Detergent choices for endoscope reprocessing

Dr TIM SANDLE addresses the first stage of endoscope cleaning through the use of detergents. Without adequate cleaning, the disinfection stage will not be successful and the risk of microbial survival becomes greater.

He addresses the two different classes of detergents available – enzymatic and non-enzymatic – and considers, by way of risk assessment, the advantages and disadvantages of each.

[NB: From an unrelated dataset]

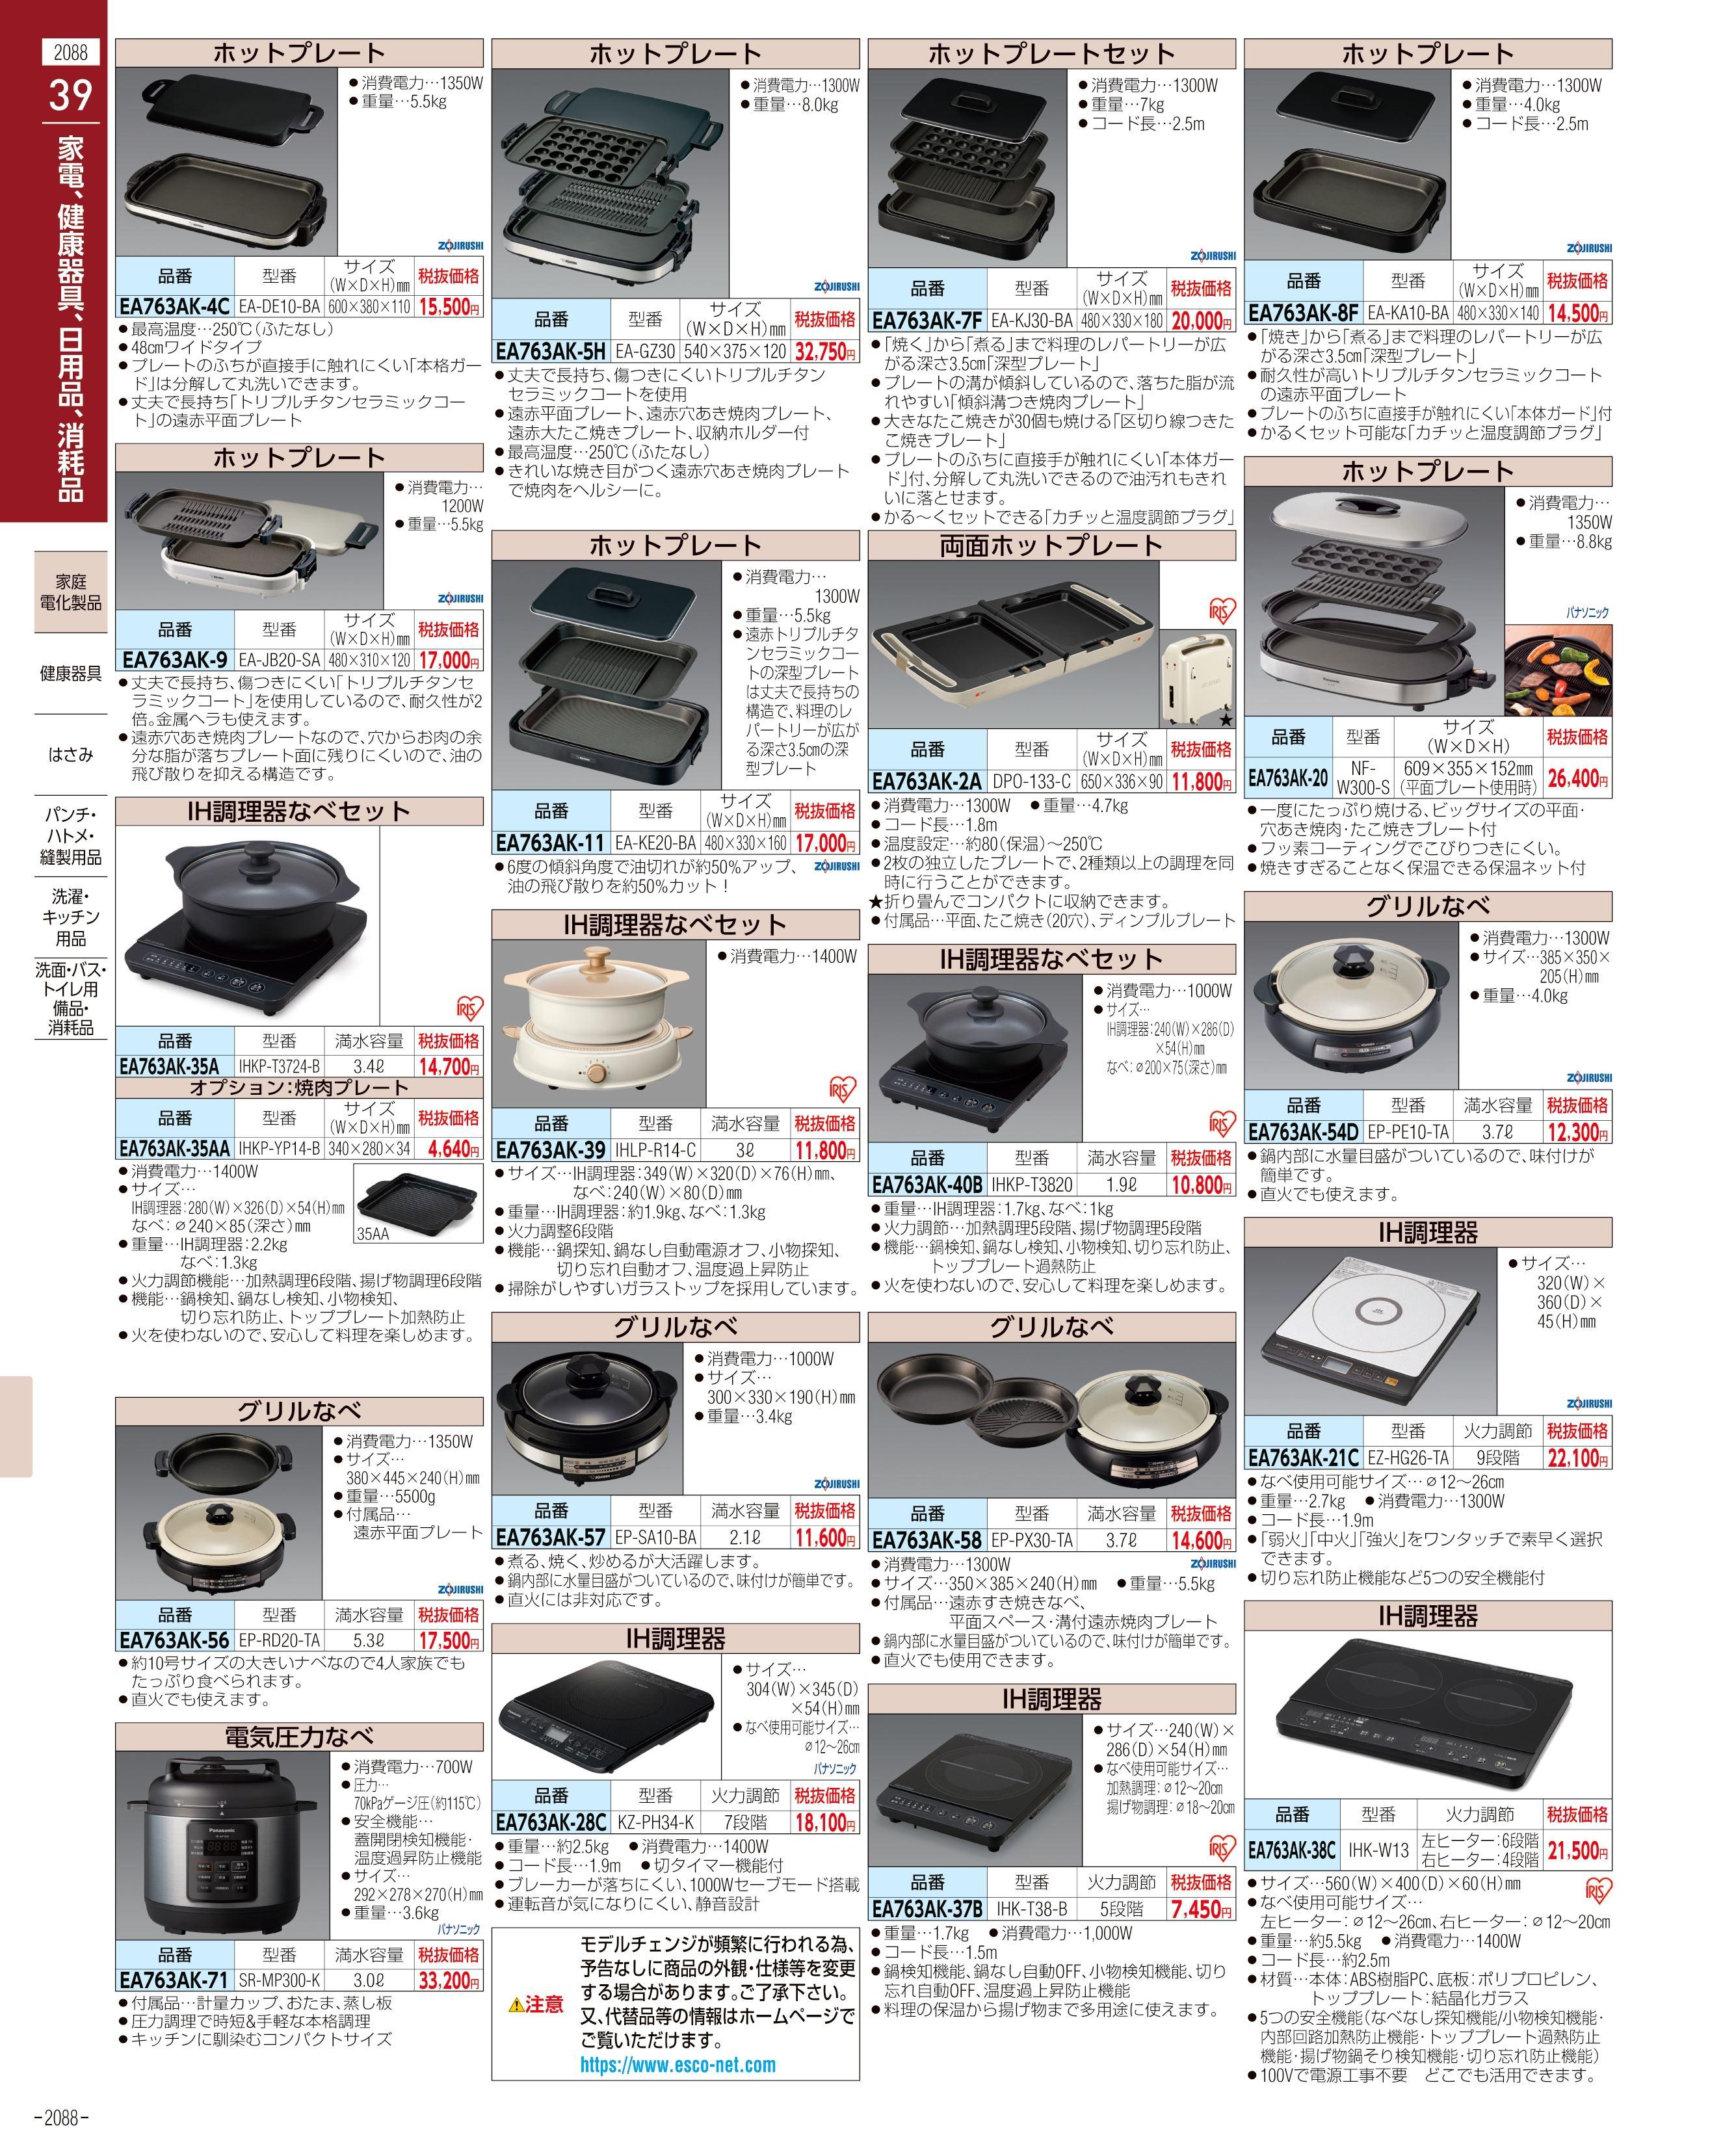 エスコ便利カタログ2088ページ

There are two types of standard endoscope – rigid and flexible. Both types have two major risk factors relating to their use. The first is that a perforation, or a tear can occur as the device is used. The second is from the risk of infection caused by cross-contamination. The most common cause of infection arises from a failure to clean, disinfect or store the device in a satisfactory manner. The level of risk differs according to the type of device. Rigid endoscopes can be sterilised and the risk of failure is very low; whereas flexible endoscopes require manual or semi-automated cleaning and disinfection. This is not a straightforward process and cleaning flexible endoscopes is both difficult, time consuming and presents a higher potential risk.1 Cleaning and disinfection is a two-step process involving both detergents (which ‘clean’) and disinfectants (which remove or eliminate microorganisms). Detergents are cleaning agents which remove ‘soil’ from a surface – including blood, secretions, drug residues, human tissues, water and chemicals. The removal of soil is an important step prior to the application of a disinfectant. The greater the degree of soiling remaining on a surface, then the lesser the effectiveness of disinfection.2 Thus, the effective removal of such material will allow disinfectants like hydrogen peroxide or chlorhexidine to work more effectively and kill microorganisms.